But you knew that. Like you, I’m a mess. Here are a smattering of my lesser imperfections: I eat too fast. It takes me ages to drop a letter in the mail. I’ve forgotten so many birthdays I don’t deserve to have anyone remember mine. Back when I mostly read used paperbacks, I dogeared a lot of pages. The shame.

Books are endearingly imperfect human creations. When we laud the perfect novel, we’re not praising flawlessness but aspiration. In Amish quilts, Persian carpets, and Japanese paintings, artists deliberately incorporate a flaw to remind us that divine symmetry is beyond mortals. Still, we keep trying.

“Man’s reach should exceed his grasp. Or what’s a heaven for?” Robert Browning wrote in his 1855 poem Andrea del Sarto. That work is sometimes called The Faultless Painter, since the subject is a Renaissance artist mulling whether he met his promise.

In January, we’re all Andrea del Sarto, ruing missteps and vowing to do better in the coming year. I do hope you exceed your expectations, but my 2024 resolution is to accept myself as I am, and allow for contentment and joy.

Along the way, I’m embracing imperfect literature. Gloriously flawed books with muddled plots, botched endings, and infuriating characters are life enhancing. I’ll never forget Frankie, the 12-year-old hero of Carson McCullers’ A Member of the Wedding, even if the plot’s pretty thin. I’d love to take a can of Roundup to the tangled sentences in Moby Dick, but, forever and always, it’s a towering American novel.

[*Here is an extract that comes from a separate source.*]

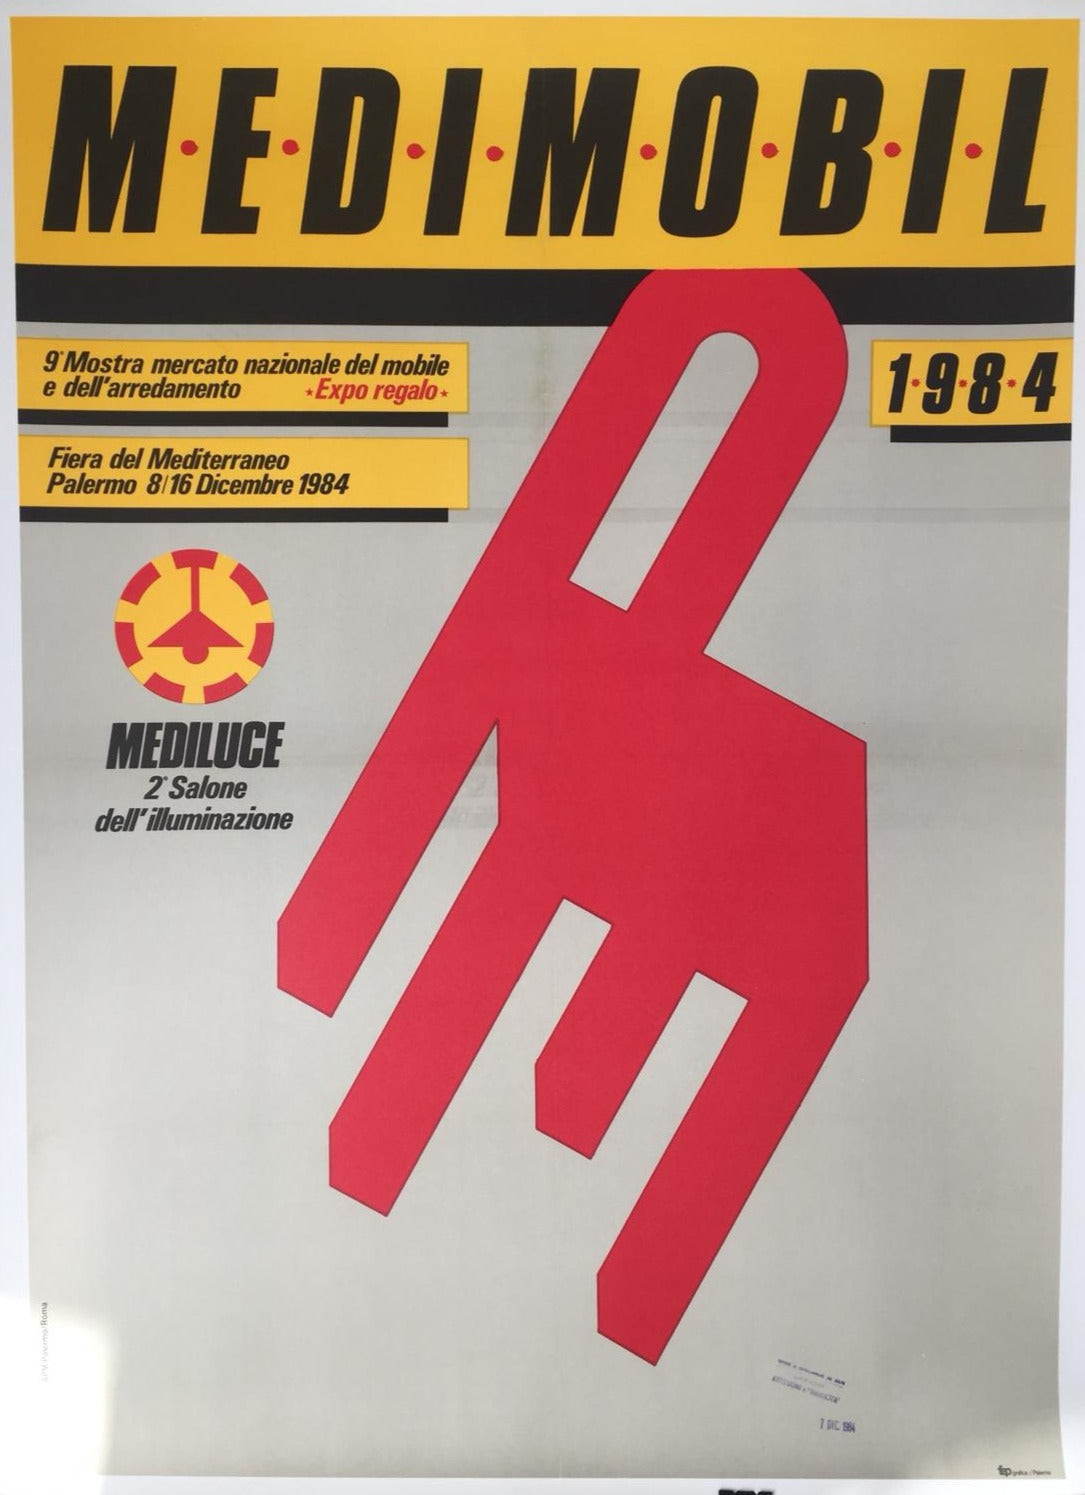 Medimodel '84, Fiera Del Mediterraneo

Let’s hear it for imperfect but illuminating works of genius. What are your favorite flawed books, in any genre? I’d love to hear from you: bookwag@culturewag.com

Yours Ever,

Beautyland by Marie-Hélène Bertino

Here’s a novel that shouldn’t work, but does with brio. Born to a single mother in 1977 Philadelphia, Adina realizes she’s really a being from another planet, sent here to study the human race. When her mother finds a battered fax machine, the girl uses it to transmit reports to outer space. This isn’t a lame metaphor for alienation, but a gorgeous fable about how we craft our own mythology. When Adina heads to college, she finds community and shares her stories with the earthlings. It all makes for a hopeful tale about finding home.

Behind You Is the Sea by Susan Muaddi Darraj

Muaddi Darraj’s novel-in-stories is set among Baltimore Palestinians, but it’s far more than a tale of one community. Her characters are Americans torn between an ancient homeland and new lives. The journey of Marcus Salameh, a U.S. Marine whose understanding of his father is shaken when he escorts the man’s body to the Middle East for burial, bookends tales of other newcomers navigating cultural divides. The author treats these characters with tenderness, reminding us that we’re still a country renewed by the immigrant dreams.